▼▼▼

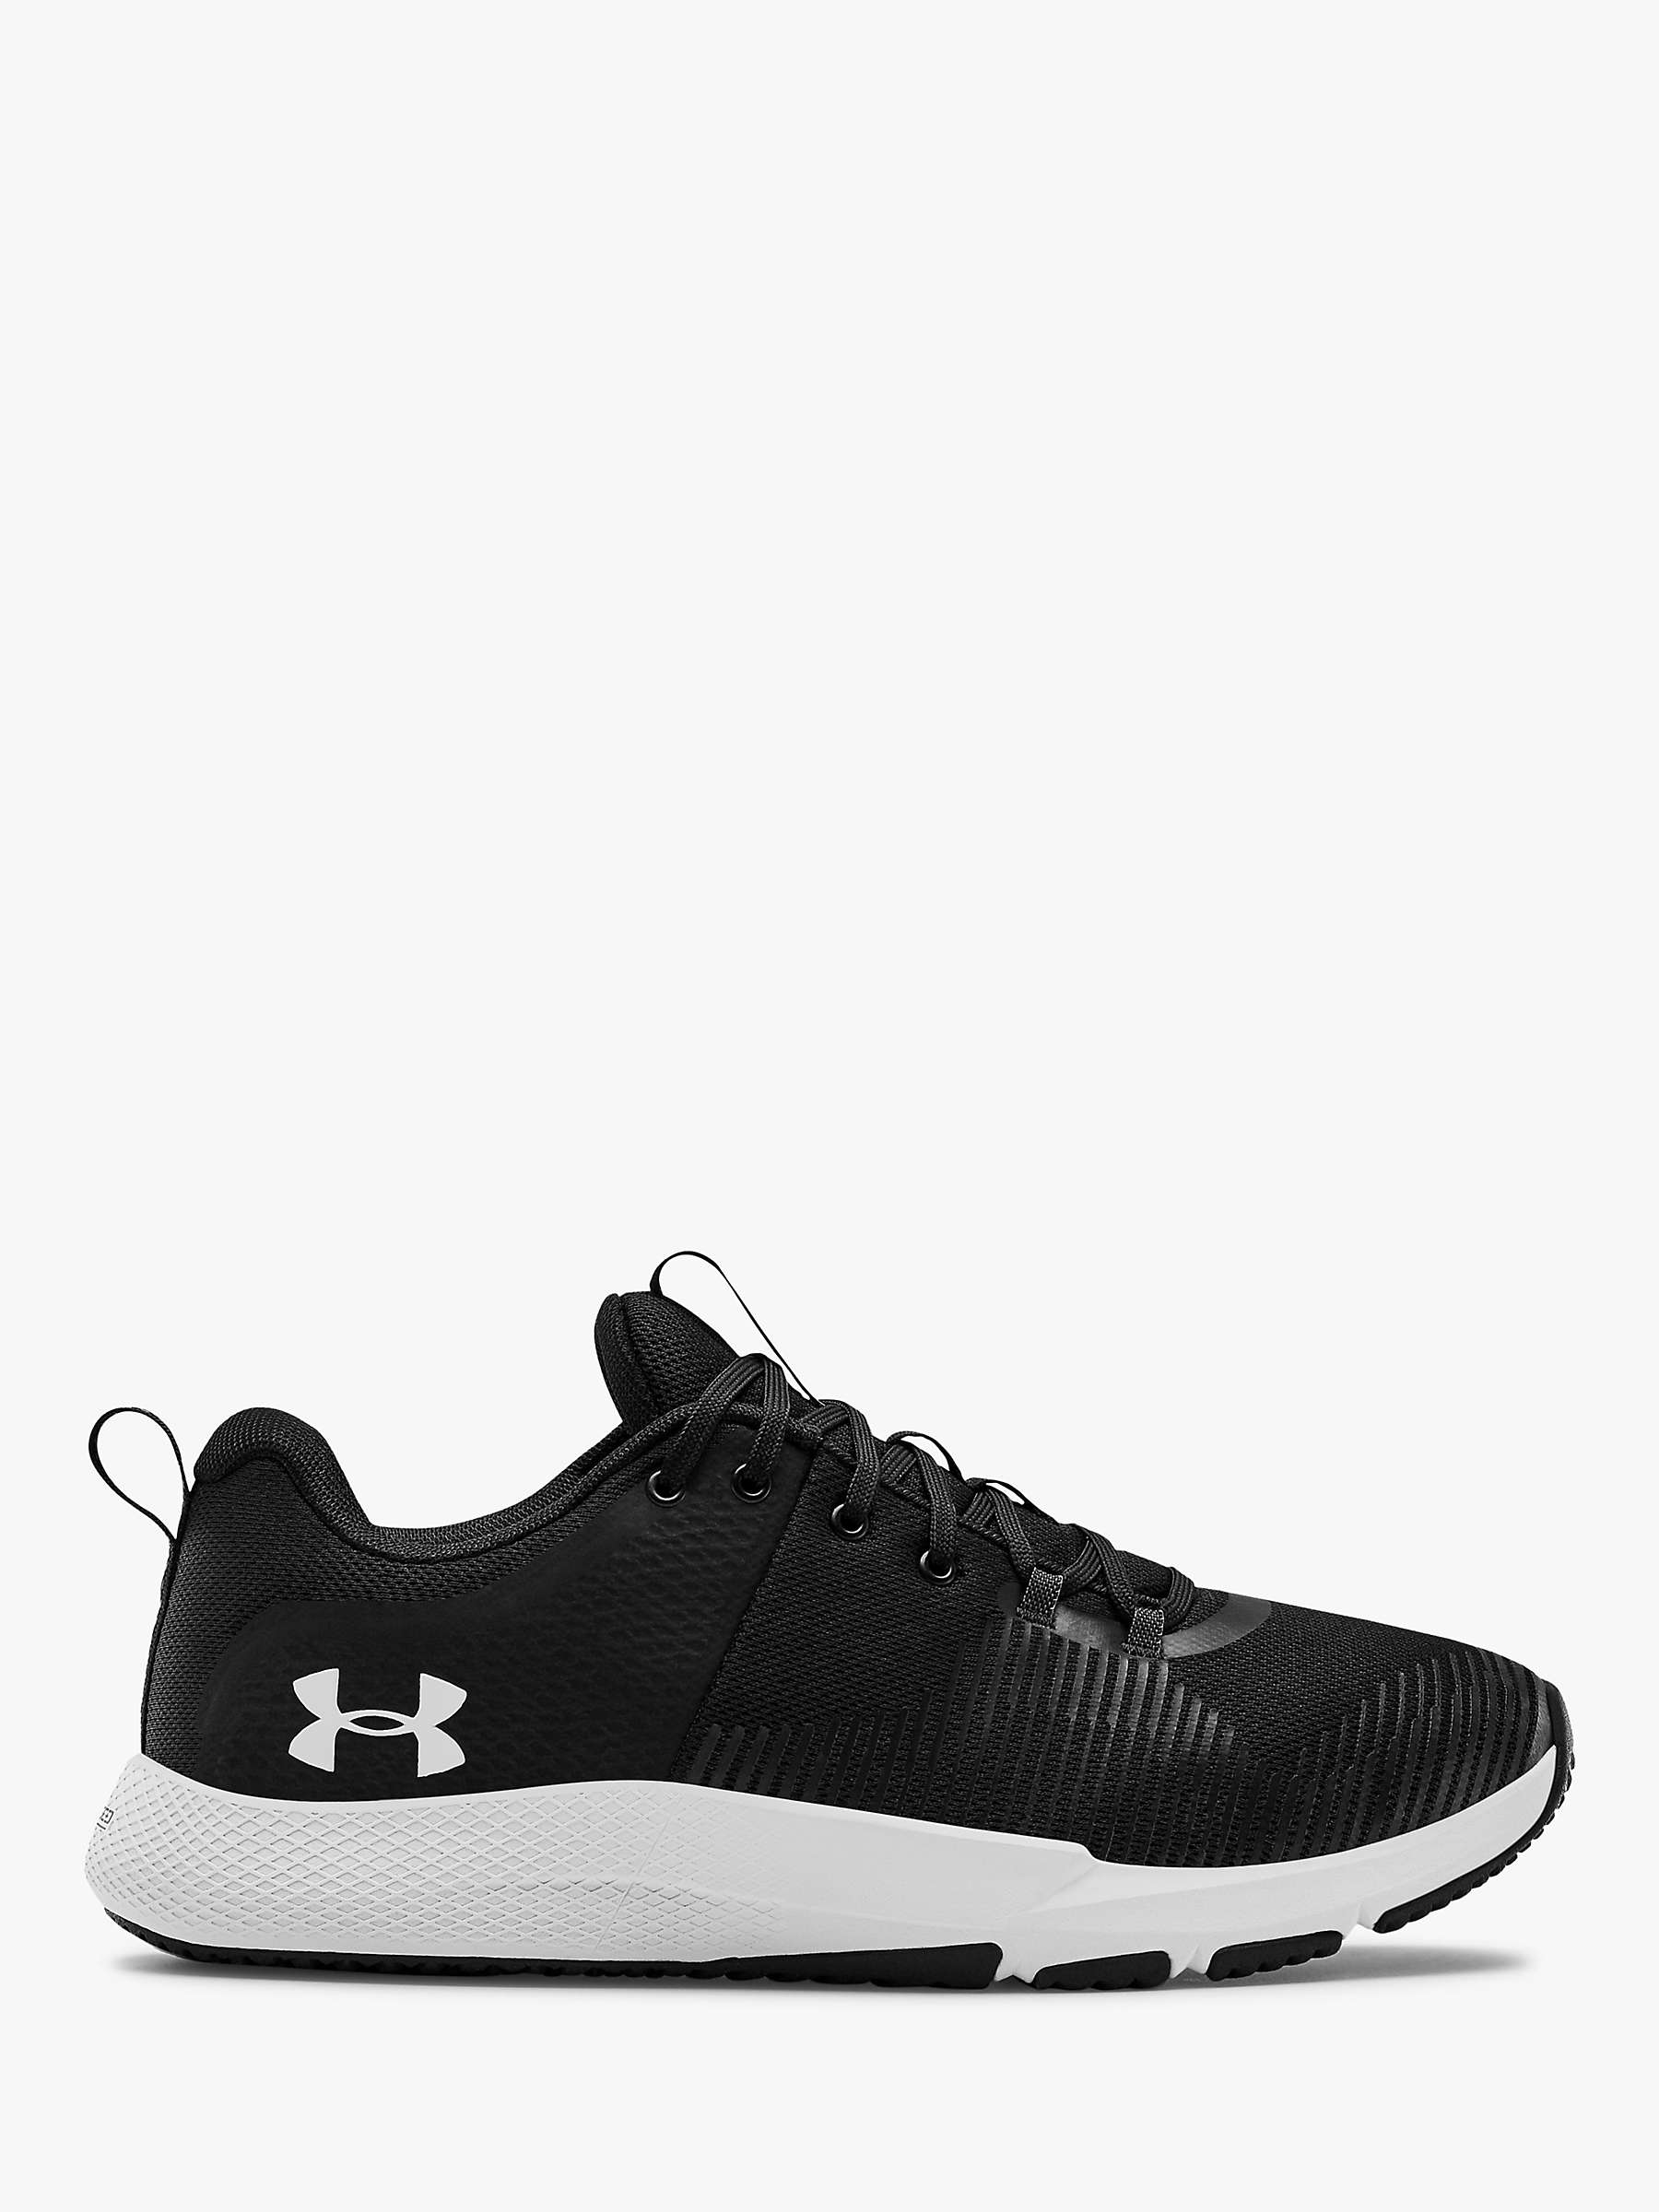 Under Armour Mens Charged Engage Cross Trainer
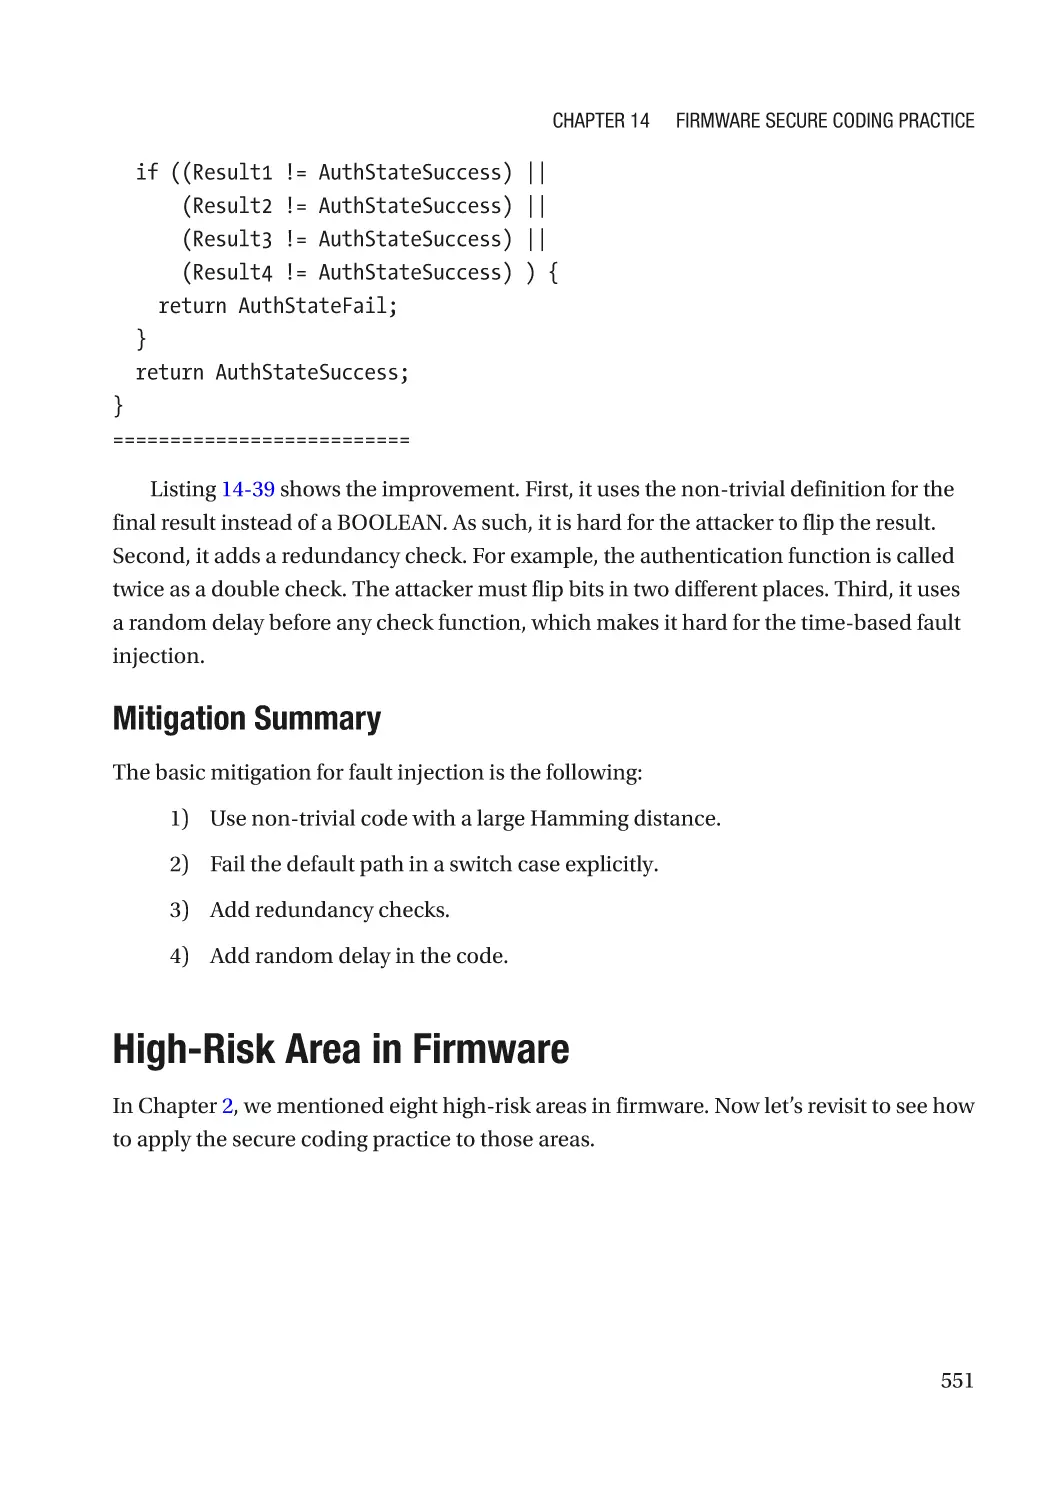 Mitigation Summary
High-Risk Area in Firmware

▲▲▲

_WORK REQUIRED_
Retype the data above exactly; pictures are not part of the copy.

_OUTPUT OF THE TASK_
 Under Armour Mens Charged Engage Cross Trainer
 Mitigation Summary
High-Risk Area in Firmware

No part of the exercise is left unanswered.